Work instruction: Only an exact copy of every record counts as an answer.

★ ★ ★ ★ ★ ★ ★

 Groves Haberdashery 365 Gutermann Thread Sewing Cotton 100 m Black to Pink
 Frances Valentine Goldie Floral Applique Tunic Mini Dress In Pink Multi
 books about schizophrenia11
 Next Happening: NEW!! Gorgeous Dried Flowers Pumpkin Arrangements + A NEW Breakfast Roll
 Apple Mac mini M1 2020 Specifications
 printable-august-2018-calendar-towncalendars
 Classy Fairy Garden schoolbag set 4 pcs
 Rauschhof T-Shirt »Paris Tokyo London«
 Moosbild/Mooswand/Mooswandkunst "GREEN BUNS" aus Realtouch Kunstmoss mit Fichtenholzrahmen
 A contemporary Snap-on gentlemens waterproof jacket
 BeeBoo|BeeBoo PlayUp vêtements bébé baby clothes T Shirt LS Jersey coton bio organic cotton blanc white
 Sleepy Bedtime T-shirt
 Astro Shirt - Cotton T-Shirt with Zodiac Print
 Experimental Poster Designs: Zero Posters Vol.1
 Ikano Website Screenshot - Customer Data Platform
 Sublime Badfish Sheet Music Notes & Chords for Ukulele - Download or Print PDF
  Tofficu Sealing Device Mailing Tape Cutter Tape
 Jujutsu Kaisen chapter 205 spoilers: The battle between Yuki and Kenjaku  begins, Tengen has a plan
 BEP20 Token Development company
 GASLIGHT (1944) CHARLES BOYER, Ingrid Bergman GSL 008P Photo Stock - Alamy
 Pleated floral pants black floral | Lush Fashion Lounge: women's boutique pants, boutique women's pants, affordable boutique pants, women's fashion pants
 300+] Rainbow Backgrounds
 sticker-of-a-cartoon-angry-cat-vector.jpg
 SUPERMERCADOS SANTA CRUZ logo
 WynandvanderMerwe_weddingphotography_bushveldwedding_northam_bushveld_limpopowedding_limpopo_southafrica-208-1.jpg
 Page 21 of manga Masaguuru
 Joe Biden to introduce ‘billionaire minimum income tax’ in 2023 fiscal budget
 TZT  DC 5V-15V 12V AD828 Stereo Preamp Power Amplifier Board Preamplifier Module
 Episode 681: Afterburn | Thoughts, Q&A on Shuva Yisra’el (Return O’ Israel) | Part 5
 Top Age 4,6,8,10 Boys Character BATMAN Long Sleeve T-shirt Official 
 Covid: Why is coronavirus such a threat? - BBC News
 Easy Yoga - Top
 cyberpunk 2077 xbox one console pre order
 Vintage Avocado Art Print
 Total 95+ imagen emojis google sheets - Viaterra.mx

★ ★ ★ ★ ★ ★ ★

Answer to this task:
 Groves Haberdashery 365 Gutermann Thread Sewing Cotton 100 m Black to Pink
 Frances Valentine Goldie Floral Applique Tunic Mini Dress In Pink Multi
 books about schizophrenia11
 Next Happening: NEW!! Gorgeous Dried Flowers Pumpkin Arrangements + A NEW Breakfast Roll
 Apple Mac mini M1 2020 Specifications
 printable-august-2018-calendar-towncalendars
 Classy Fairy Garden schoolbag set 4 pcs
 Rauschhof T-Shirt »Paris Tokyo London«
 Moosbild/Mooswand/Mooswandkunst "GREEN BUNS" aus Realtouch Kunstmoss mit Fichtenholzrahmen
 A contemporary Snap-on gentlemens waterproof jacket
 BeeBoo|BeeBoo PlayUp vêtements bébé baby clothes T Shirt LS Jersey coton bio organic cotton blanc white
 Sleepy Bedtime T-shirt
 Astro Shirt - Cotton T-Shirt with Zodiac Print
 Experimental Poster Designs: Zero Posters Vol.1
 Ikano Website Screenshot - Customer Data Platform
 Sublime Badfish Sheet Music Notes & Chords for Ukulele - Download or Print PDF
  Tofficu Sealing Device Mailing Tape Cutter Tape
 Jujutsu Kaisen chapter 205 spoilers: The battle between Yuki and Kenjaku  begins, Tengen has a plan
 BEP20 Token Development company
 GASLIGHT (1944) CHARLES BOYER, Ingrid Bergman GSL 008P Photo Stock - Alamy
 Pleated floral pants black floral | Lush Fashion Lounge: women's boutique pants, boutique women's pants, affordable boutique pants, women's fashion pants
 300+] Rainbow Backgrounds
 sticker-of-a-cartoon-angry-cat-vector.jpg
 SUPERMERCADOS SANTA CRUZ logo
 WynandvanderMerwe_weddingphotography_bushveldwedding_northam_bushveld_limpopowedding_limpopo_southafrica-208-1.jpg
 Page 21 of manga Masaguuru
 Joe Biden to introduce ‘billionaire minimum income tax’ in 2023 fiscal budget
 TZT  DC 5V-15V 12V AD828 Stereo Preamp Power Amplifier Board Preamplifier Module
 Episode 681: Afterburn | Thoughts, Q&A on Shuva Yisra’el (Return O’ Israel) | Part 5
 Top Age 4,6,8,10 Boys Character BATMAN Long Sleeve T-shirt Official 
 Covid: Why is coronavirus such a threat? - BBC News
 Easy Yoga - Top
 cyberpunk 2077 xbox one console pre order
 Vintage Avocado Art Print
 Total 95+ imagen emojis google sheets - Viaterra.mx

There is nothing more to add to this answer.